Figure 5 UBE2C, UBE2T, and UBE2S mRNA expression in different cell types. A: UBE2C expressed genes in each cell cluster of scRNA-seq data; B: Bar plot of the transcript abundance of UBE2C in different cell types based on the scRNA-seq data. The level of UBE2C mRNA was represented by the mean pTPM (Protein-coding transcripts per million); C: UBE2T expressed genes in each cell cluster; D: Bar plot of the transcript abundance of UBE2T in different cell types based on the scRNA-seq data. The level of UBE2T mRNA was represented by the mean pTPM; E: UBE2S expressed genes in each cell cluster; F: Bar plot of the transcript abundance of UBE2S in different cell types based on the scRNA-seq data. The level of UBE2S mRNA was represented by the mean pTPM (Colored according to cell type group); G: Heat map of the expression level of UBE2C, UBE2T, and UBE2S. (Color key from 0-1 represent low–high expression).

Figure 6 UBE2C, UBE2T, and UBE2S protein expression in cell lines. A: UBE2C was mainly expressed in cytosol and plasma membrane; B: UBE2T was mainly expressed in nucleoli or nucleoplasm; C: UBE2S was highly expressed in cytosol and plasma membrane and less expressed in nucleoli.

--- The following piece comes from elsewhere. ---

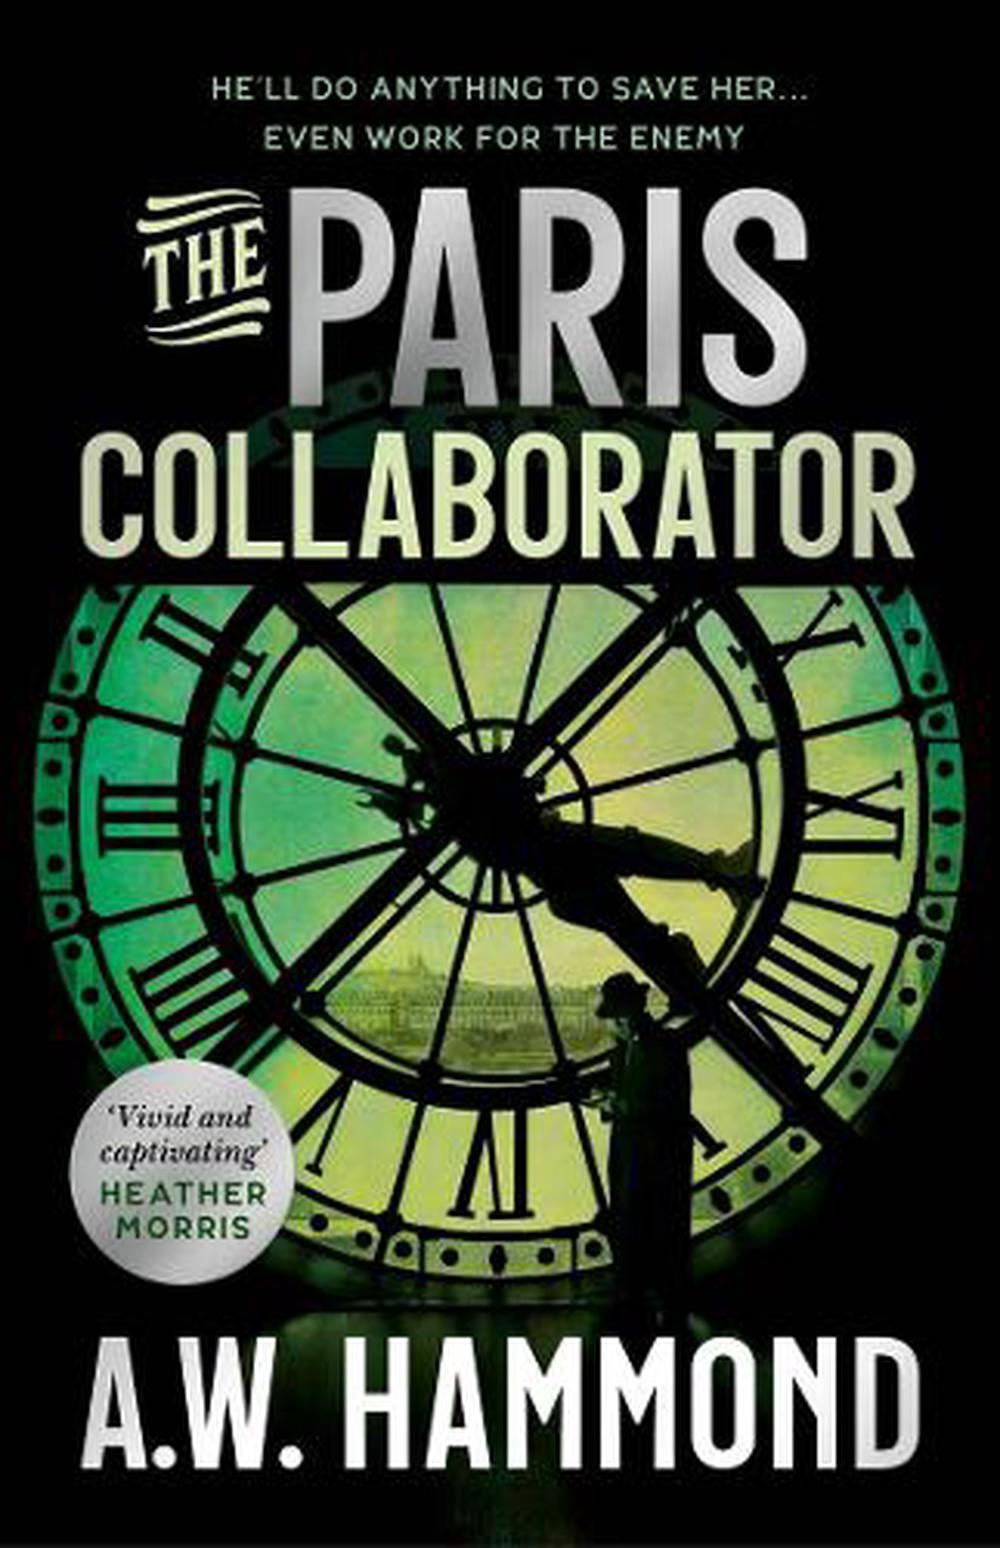 The Paris Collaborator

Figure 7 UBE2C, UBE2T, and UBE2S expression in homo sapiens and protein-protein interaction network. A: Co-expression of UBE2C and UBE2S; B: Co-expression of UBE2C and UBE2T; C: Co-expression of UBE2T and UBE2S; D: Co-expression of UBE2C, UBE2T, and UBE2S predicts functional association. In the triangle matrices above, the intensity of the color indicates the level of confidence that two proteins are functionally associated in Homo sapiens. Figures E-G showed the expression of UBE2C, UBE2T, and UBE2S in HCC based on TP53 mutation status. TCGA samples for analysis; E: UBE2C expression in normal, HCC with TP53 mutation, and HCC non-TP53 mutation samples; F: UBE2T expression in normal, HCC with TP53 mutation, and HCC non-TP53 mutation samples; G: UBE2S expression in normal, HCC with TP53 mutation, and HCC non-TP53 mutation samples. (^cP value < 0.001 Compared with other two groups); H: Protein-protein interaction of functional enrichment of queried network using query input of UBE2C, UBE2T, UBE2S, and TP53.